Hacker News new | ask | show | jobs
by redsaz 1362 days ago
A satisfied user here. Found it very useful when tools like cut and sort weren't enough, usually when I need to do a join on two different tables (err, files). Left joins work, but I don't think right joins are supported.

I've used this in combination with jq as well. I'll use jq to convert json to CSV, and then use SQL to do whatever else.

6 comments

Cut, sort, join and awk can be pretty powerful and fast. If it becomes too tedious to manually write them, you can also use BigBash [1] to convert a SQL query automatically to a one-liner that only use these tools to execute the query.

[1] http://bigbash.it

Any experienced programmer learns to not use string processing on structured data, because that will bite them in the ass.

Meanwhile HN luddites: let me use awk, cut and whatnot despite the existence of an util that explicitly sidesteps this issue.

/me runs the example on bigbash.it, cleaned up a bit:

    (
      trap "kill 0" SIGINT;
      export LC_ALL=C;
      find movies.dat.gz -print0
        | xargs -0 -i sh -c "gzip -dc {} | tail -n +2"
        | sed "s/::/;/g"
        | cut -d $';' -f2
        | sort -t$';'  -k 1,1
        | head -n10
        | awk -F ';' '{print $1}'
    )
Yeah, how about no. That's a very neat site and a clever hack, but there are clear escaping flaws in there for valid movie names.

bash and standard unix tools are a terrible structured-data manipulator. it's part of why `jq` is so widely used and loved, despite being kinda slow and hard to remember at times - it does things correctly, unlike most glued-together tools.

Yep, pretty sure that this script doesn't handle quoted strings in any way, and would promptly mangle a title that contains a semicolon.
"structured data" usually means there are delimiting characters, states, etc. AWK can certainly handle this. It's a simple and powerful language.

I don't think I've ever used it to parse JSON, but I've definitely used it to output simple JSON.

Are you telling me that awk can correctly identify delimiters inside quoted strings? Escaped quotes inside quoted strings? Newlines inside quoted strings? I.e. that awk actually has a csv parser? Very cool if so.
Yeah, you can implement a basic FSM and use `next` to handle fake `RS` (e.g. newlines).

I'm not necessarily recommending it, but it's certainly possible and could be portable and really fast to run with a low memory footprint.

Well, awk having a csv parser via the user implementing that parser is not quite what I have in mind when I turn to awk for some quick field splitting—and I don't think it's what others in the thread meant either, as evidenced by the linked site.

Personally I prefer using a readymade and tested library in any language that I might touch, so I can just do my own thing on top. Or, in command line, to use an util that employs such a library. Kind of hope that I'm never so constrained that only awk is available and I can't even spin up Lua.

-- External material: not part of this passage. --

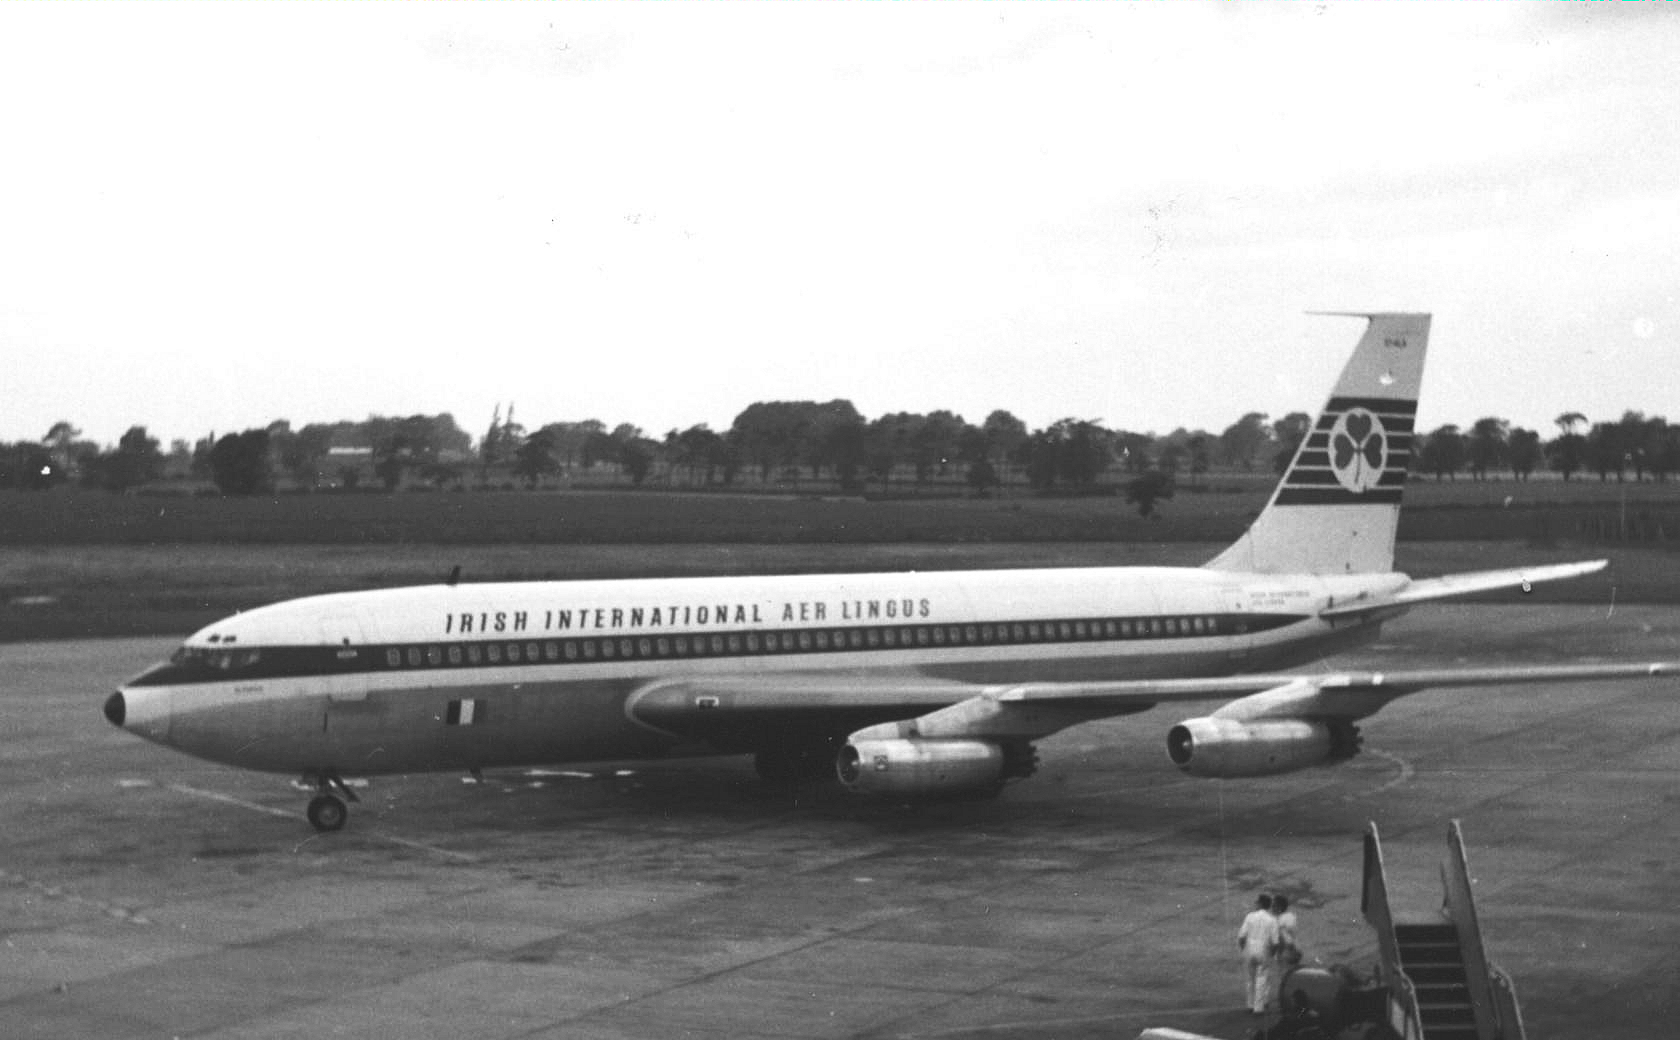 Boeing 720 previous

Powerful and fast, and also *portable*. It'll run on your low-privileged tools box, 20 year old beige box, vhost, you name it.
In addition to the usual cut/paste/sort/awk stuff, we've had really powerful "stream-operator" databases based on flat text data files for decades. They used to be somewhat slow. Not anymore, esp when running from RAMdisks.

One good one is Strozzi NoSQL (his use of the term NoSQL predates the current use of the term by many years...): http://www.strozzi.it/cgi-bin/CSA/tw7/I/en_US/NoSQL/Home%20P...

Starbase is another, with interesting extensions for astronomical work.

Linux Review article on the concept here: https://www.linuxjournal.com/article/3294

The article that started it all: http://www.linux.it/~carlos/nosql/4gl.ps

And there's even a book on the subject, centered on the /rdb implementation by the late RSW software. But I warn you, reading this WILL permanently change the way you think about databases: https://www.amazon.com/Relational-Database-Management-Prenti...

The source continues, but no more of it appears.